Journalism Education News: Drone Reporting Class, a Student’s ‘Cash for Coverage’ Fundraiser & More

A quick rundown of recent news involving journalism students, faculty, staff, schools, and programs worldwide


Mizzou, Nebraska Offering Drone Reporting Classes

“In an attempt to keep pace with rapidly evolving technology, the journalism schools at the University of Missouri and University of Nebraska both offer classes on drone reporting, in spite of the fact that this practice is currently illegal for professional journalists. … Both schools consider the classes to be experimental and are using the drones for things like water sampling, drought surveillance and controlled fire tracking. Get ready for a descending swarm of over-eager drones reporting from the skies above.” 


Journalism Student Explains Why He Chose ‘Worst Major to Pursue’

“Despite these guys [The Daily Beast], them [The Daily Beast], them again [The Daily Beast] and even these other guys [Gawker] telling me that this is the worst major to pursue, as a naïve 19-year-old, I feel some sort of collegiate-aged burden to pursue what I really love. And if three more years pass and the real-world comes knocking, I could find myself working in PR or advertising. But until then, my dreams of having a column in the Times or in The New Yorker are still firmly intact.”

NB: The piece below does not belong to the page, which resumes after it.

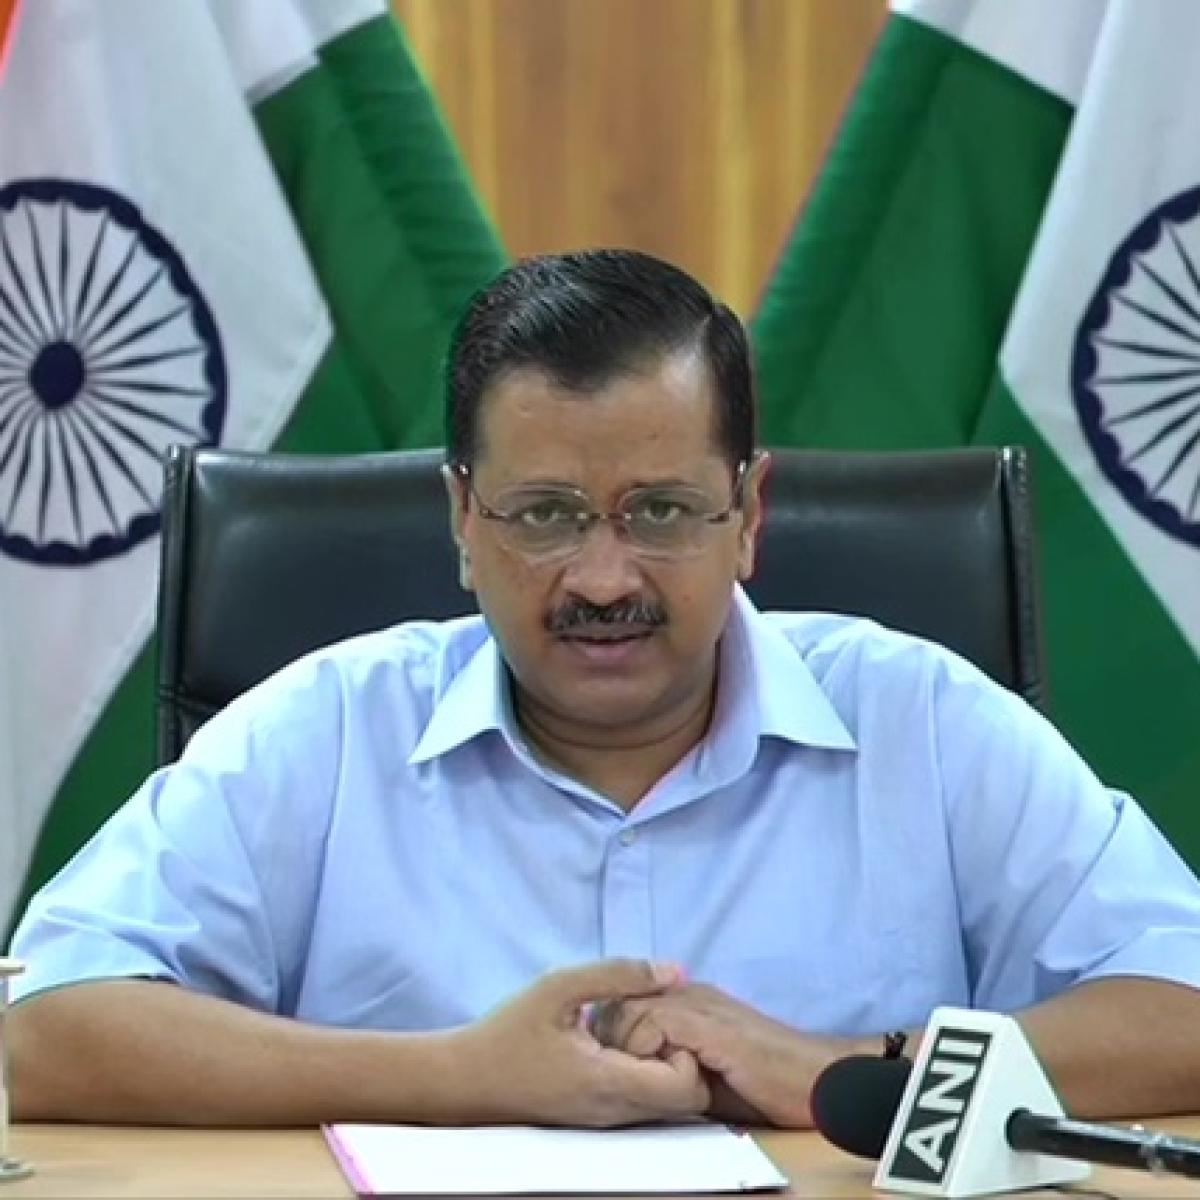 Dilwalon Ki Dilli? Haryana-born Kejriwal says capital hospitals will only treat 'patients from Delhi'

USC Journalism Grad Program Gets a Makeover

“Shelling out thousands of dollars for a master’s degree in journalism may seem illogical in 2013, as newsrooms continue to shrink at alarming rates. … In one attempt to respond, the University of Southern California’s Annenberg School for Communication and Journalism will do away with its two-year M.A. degree in journalism and replace it with a nine-month M.S. program beginning in 2014. … The shorter program will have a greater emphasis on multimedia reporting and will ‘connect the classroom more directly with the newsroom.'”

A ‘Cash for Coverage’ Grad School Tuition Fundraising Scheme

“Queen’s University student Joanna Plucinska started a campaign to raise 50,000 Canadian dollars for her tuition to Columbia Graduate School of Journalism.  While it’s a unique way to pull together the cash for a Columbia University’s pricey graduate program, iMediaEthics has concerns. One of the ‘perks’ Plucinska advertises to donors in exchange for their financial support is the offer to write, edit or blog about anyone who donates C$100. Her pitch reads: ‘Want something written or edited? Want to be interviewed and featured on my blog? Done with this donation!’ … Plucinska’s intentions may be good, but if she does end up enrolled in Columbia’s program, she’d likely learn that exchanging cash for coverage is a huge media ethics no-no.”


‘How Can J-Schools Prep Students for World They’re Headed Into?’

“Data is all around us and it will only become more pervasive as digital technologies advance and our daily lives become centered on these two worlds. As educators, are we preparing our students to be able to manage these two worlds of data science and digital media together effectively and accurately? Specifically, journalism and mass communication programs are at a fork in the road — they can either sit back and watch or take an active role in transforming how our students can enter a new, digital-savvy competitive workforce.”


Professors, Like Journalists, Are About to Work Harder

“You’ve heard a lot over the past 10 to 15 years about the crisis of American journalism, but it’s actually been a crisis for American journalists. A lot of people have lost jobs. A lot of people have had to work harder, or work in ways they find less pleasant. Journalism has become more competitive and in some ways less prestigious. It’s simultaneously more ideological and more commercial than it used to be. … But the journalism is fine. … There really has been an amazing explosion of journalistic productivity, and voracious readers are way better off than they’ve ever been. The fact that journalists may not like it is neither here nor there. If an explosion of higher education productivity occurs, the people who currently teach in colleges and universities will find it discomfiting and that should not be the relevant consideration.”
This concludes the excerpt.